Zhu, Yimin; Wu, Xiuhua; Zhang, Yunjiao; Gu, Jie; Zhou, Rongwei; Guo, Zhong.
Afiliação
  • Zhu Y; Department of Pulmonary and Critical Care Medicine, Shanghai Sixth People's Hospital Affiliated to Shanghai Jiao Tong University School of Medicine, Shanghai, China.
  • Wu X; Department of Pulmonary and Critical Care Medicine, Shanghai Sixth People's Hospital Affiliated to Shanghai Jiao Tong University School of Medicine, Shanghai, China.
  • Zhang Y; Department of Pulmonary and Critical Care Medicine, Shanghai Sixth People's Hospital Affiliated to Shanghai Jiao Tong University School of Medicine, Shanghai, China.
  • Gu J; Department of Pulmonary and Critical Care Medicine, Shanghai Sixth People's Hospital Affiliated to Shanghai Jiao Tong University School of Medicine, Shanghai, China.
  • Zhou R; Department of Pulmonary and Critical Care Medicine, Shanghai Sixth People's Hospital Affiliated to Shanghai Jiao Tong University School of Medicine, Shanghai, China.
  • Guo Z; Department of Pulmonary and Critical Care Medicine, Shanghai Sixth People's Hospital Affiliated to Shanghai Jiao Tong University School of Medicine, Shanghai, China.
Heliyon ; 10(13): e33928, 2024 Jul 15.
Article em En | MEDLINE | ID: mdl-39071697
ABSTRACT

Background:

Natural Killer (NK) cells are vital components of the innate immune system, crucial for combating infections and tumor growth, making them pivotal in cancer prognosis and immunotherapy.
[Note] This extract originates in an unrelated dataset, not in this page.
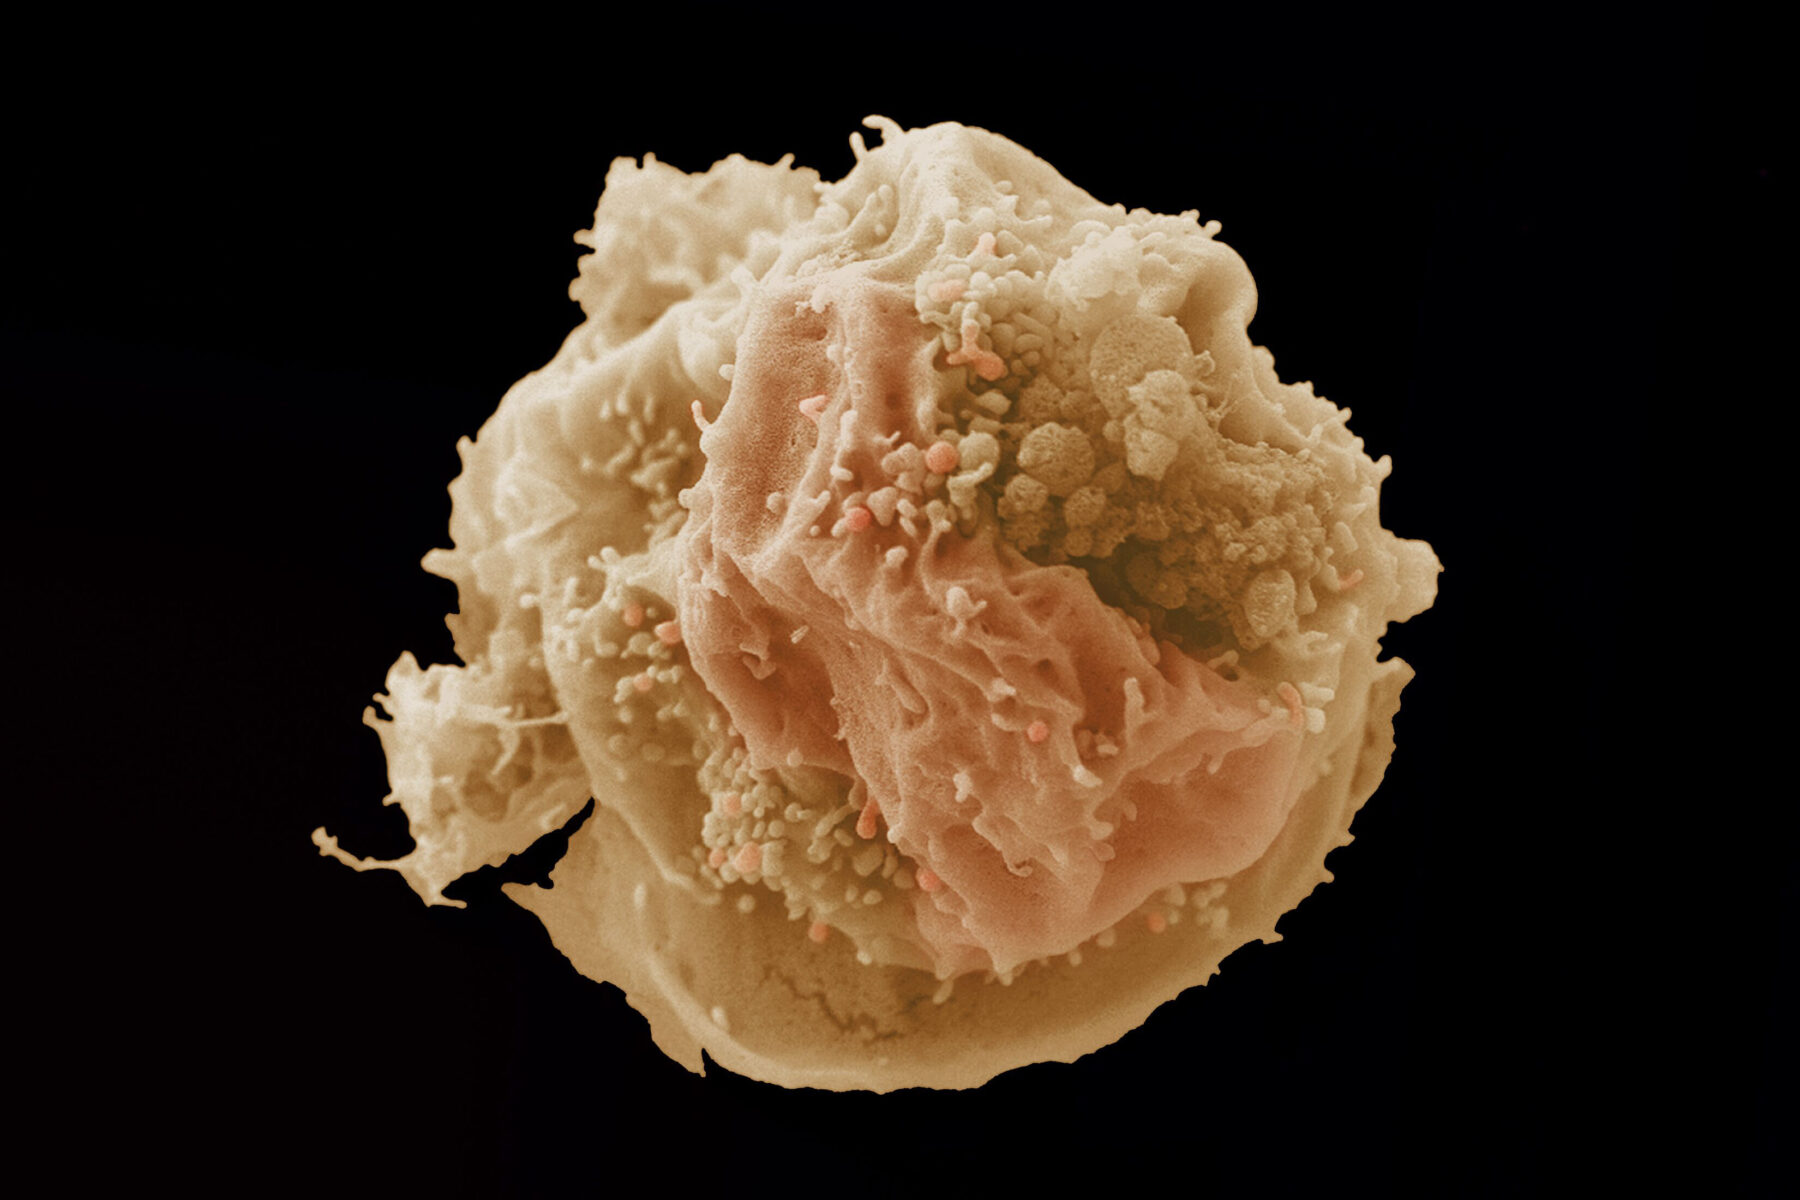 A breast cancer cell seen through an electron microscope.

We sought to understand the diverse characteristics of NK cells within lung adenocarcinoma (LUAD) by conducting single-cell RNA sequencing analyses.

Methods:

Using the scRNA-seq dataset for multiple primary lung cancers (MPLCs), we examined two major NK cell groups, NK1 and NK2, comparing the expression profiles of 422 differentially expressed NK signature genes. We identified eight genes (SPON2, PLEKHG3, CAMK2N1, RAB27B, CTBP2, EFHD2, GOLM1, and PLOD1) that distinguish NK1 from NK2 cells. A prognostic signature, the NK gene signature (NKGS) score, was established through LASSO Cox regression. High NKGS scores were linked to poorer overall survival in TCGA-LUAD patients and consistently validated in other datasets (GSE31210 and GSE14814).

Results:

Functional analysis revealed an enrichment of genes related to the TGF-ß signaling pathway in the high NKGS score group. Moreover, a high NKGS score correlated with an immunosuppressive tumor microenvironment (TME) driven by immune evasion mechanisms. We also observed reduced T-cell receptor (TCR) repertoire diversity in the high-risk NKGS group, indicating a negative association between inflammation and risk score.

Conclusion:

This study introduced the innovative NKGS score, differentiating NK1 from NK2 cells. High NKGS scores were associated with the TGF-ß pathway and provided insights into LUAD prognosis and immune activities.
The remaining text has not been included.